The entries below hold a line with "f67daa04 Palace Tri-Smudge" and a line with "2007 ms download powerpoint ebook". Return those lines and all that lie between them, exactly and only.

**PROVIDED DATA:**
□ □ □

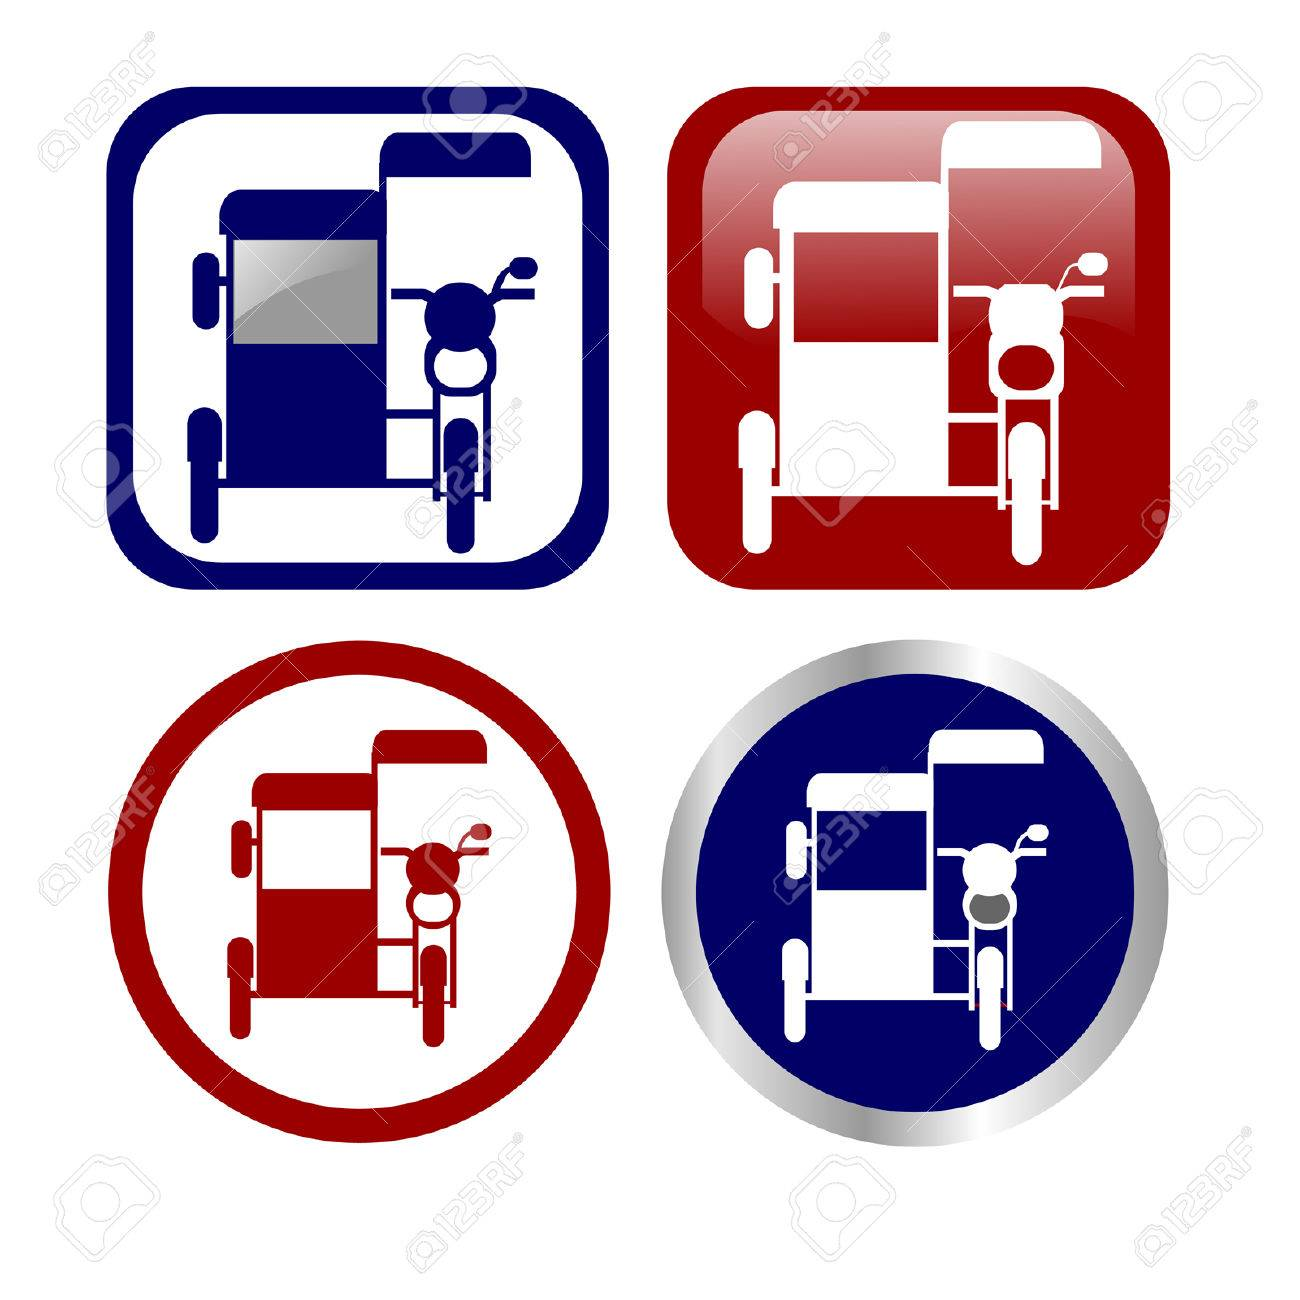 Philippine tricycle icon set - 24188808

□ □ □

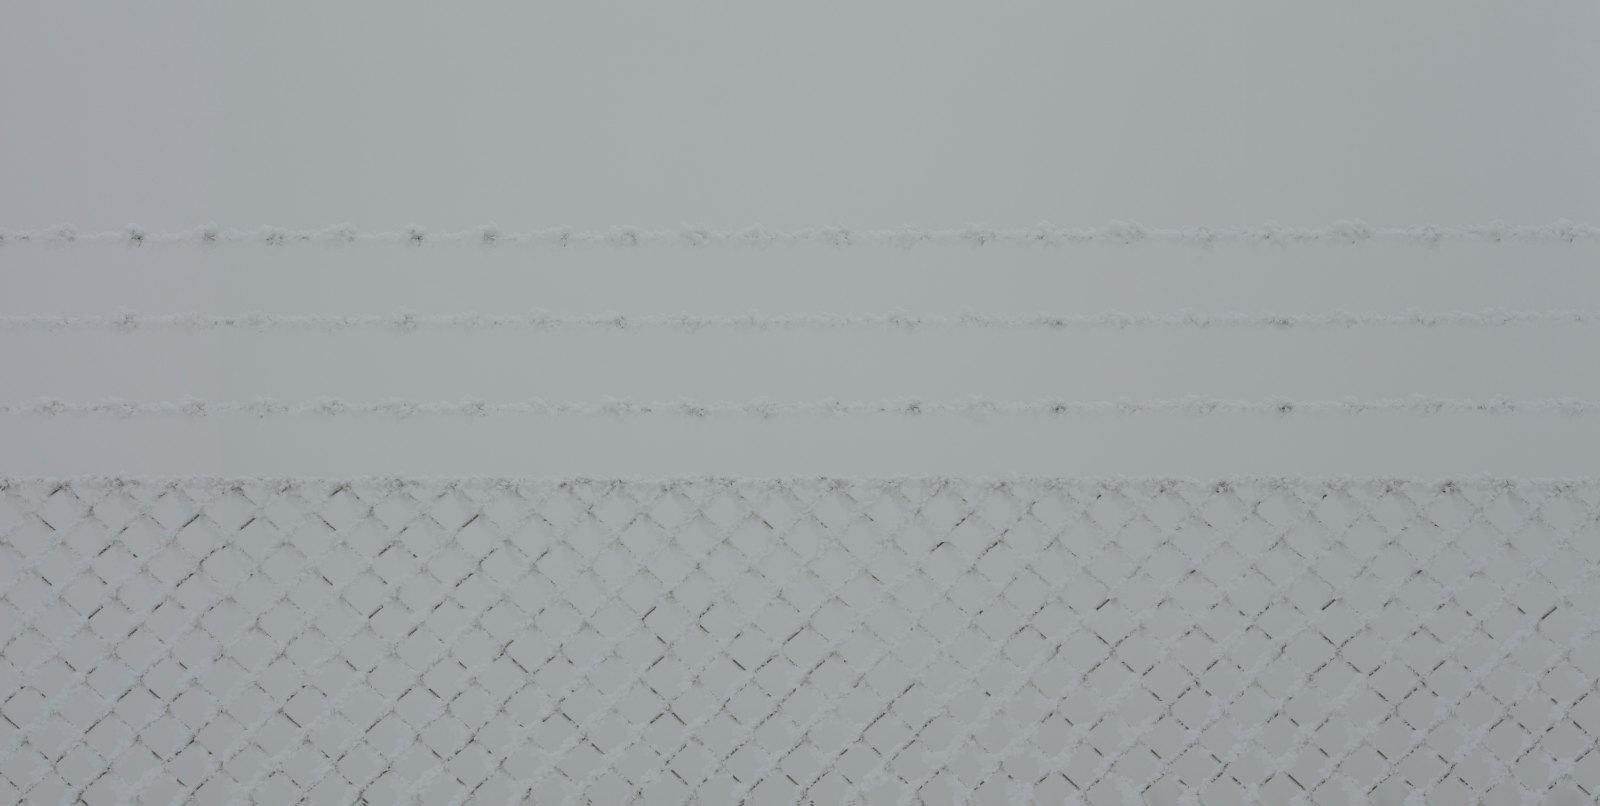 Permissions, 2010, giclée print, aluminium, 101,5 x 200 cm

□ □ □

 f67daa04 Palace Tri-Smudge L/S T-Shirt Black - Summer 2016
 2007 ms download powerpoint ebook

□ □ □

**RESULT:**
 f67daa04 Palace Tri-Smudge L/S T-Shirt Black - Summer 2016
 2007 ms download powerpoint ebook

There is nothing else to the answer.